Industrial supply companies are reporting continued growth with their latest 2nd quarter results, suggesting that there isn’t a downward shift in demand yet. The industrial sector is a crucial industry for truckload tonnage. Fastenal Company, a leader in the wholesale distribution of industrial and construction supplies, reported net sales increased by $270.8, or 18.0%, in the second quarter of 2022 compared to the second quarter of 2021. The report also mentions that “the second quarter of 2022 continued to experience strong, economically-driven growth in underlying demand for manufacturing and construction equipment and supplies. From an end market standpoint, daily sales to our manufacturing customers increased 23.1% in the second quarter of 2022 from the second quarter of 2021. Daily sales to our non-residential construction customers increased 10.8% in the second quarter of 2022 from the second quarter of 2021.”

MSC Industrial, a leading North American distributor of a broad range of metalworking and maintenance, repair, and operations products and services, reported a 10.7% increase in sales in the 2nd quarter of 2022. Erik Gershwind, President and Chief Executive Officer, said, “Our fiscal third quarter is another proof point of the building momentum inside our Company. We achieved double-digit average daily sales growth, roughly 500 basis points above the Industrial Production index.” The Company expects double-digit average daily sales growth to continue into the next quarter.

Enerpac Tool Group Corp. also reported a profitable quarter. Net sales were $152 million, representing a 10% year-over-year increase in core sales. “Our solid third-quarter sales and profit were the result of continued broad-based demand and strong execution by our team across our global footprint,” said Paul Sternlieb, Enerpac Tool Group’s President & CEO.

 

All rates cited below exclude fuel surcharges unless otherwise noted.

Available capacity in Brooklyn, NY, the market tightened for the fourth week in a row following lost week’s $0.10/mile increase to an average outbound rate of $2.16/mile. Brooklyn load post volumes are now up 46% in the last month following last week’s 10% increase. Loads 1,400 miles west to Hutchinson, KS, are up $0.15/mile in the previous three weeks to an average of $1.55/mile, which is just $0.03/mile lower than the same time last year. In the Massachusetts manufacturing hub in Springfield, dry van capacity was tight after spot rates jumped $0.28/mile to an average outbound rate of $2.03/mile.

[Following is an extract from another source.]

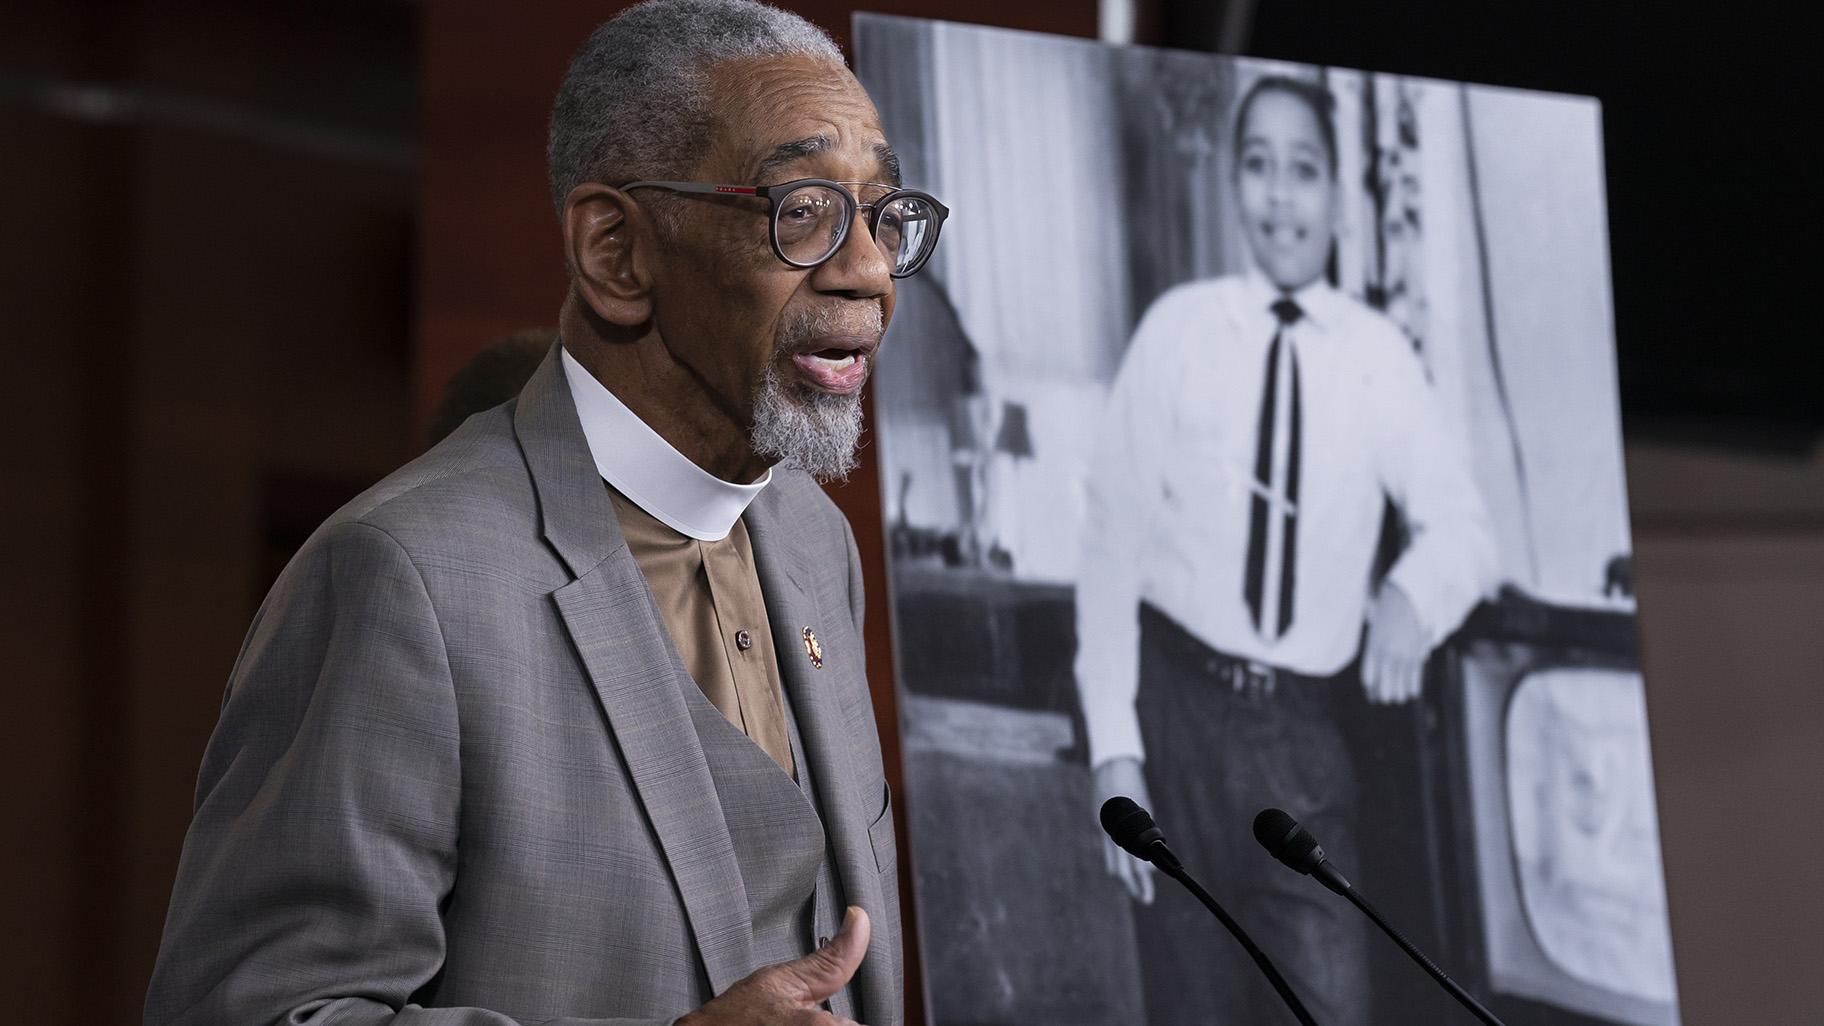 Rep. Bobby Rush, D-Ill., speaks during a news conference about the Emmett Till Anti-Lynching Act on Capitol Hill in Washington, on Feb. 26, 2020. (AP Photo / J. Scott Applewhite, File)

Short-haul loads to Harrisburg, PA, averaged $2.34/mile last week or around $0.30/mile lower than the previous year. 

On the West Coast in Los Angeles and Ontario markets, capacity tightened slightly with rates moving up $0.01/mile to an average of $2.29/mile, while in Chicago, spot rates were up by the same amount to $2.23/mile. In Atlanta, spot rates dropped for the third week in a row following last week’s $0.07/mile decrease to $2.04/mile. 

Dry van load post volumes dropped below 2020 levels for the first time last week following a 15% w/w decrease. In contrast, equipment posts remained at their highest level recorded in July and around 8% higher than 2019 levels. As a result, last week’s dry van load-to-truck ratio decreased for the fourth week in a row to 3.31. 

Dry van linehaul rates decreased again by less than a penny-per-mile last week to a national average of $1.96/mile. Spot rates are $0.42/mile lower than the previous year but are still $0.33/mile higher than the average of pre-pandemic years and $0.04/mile higher than this time in 2018.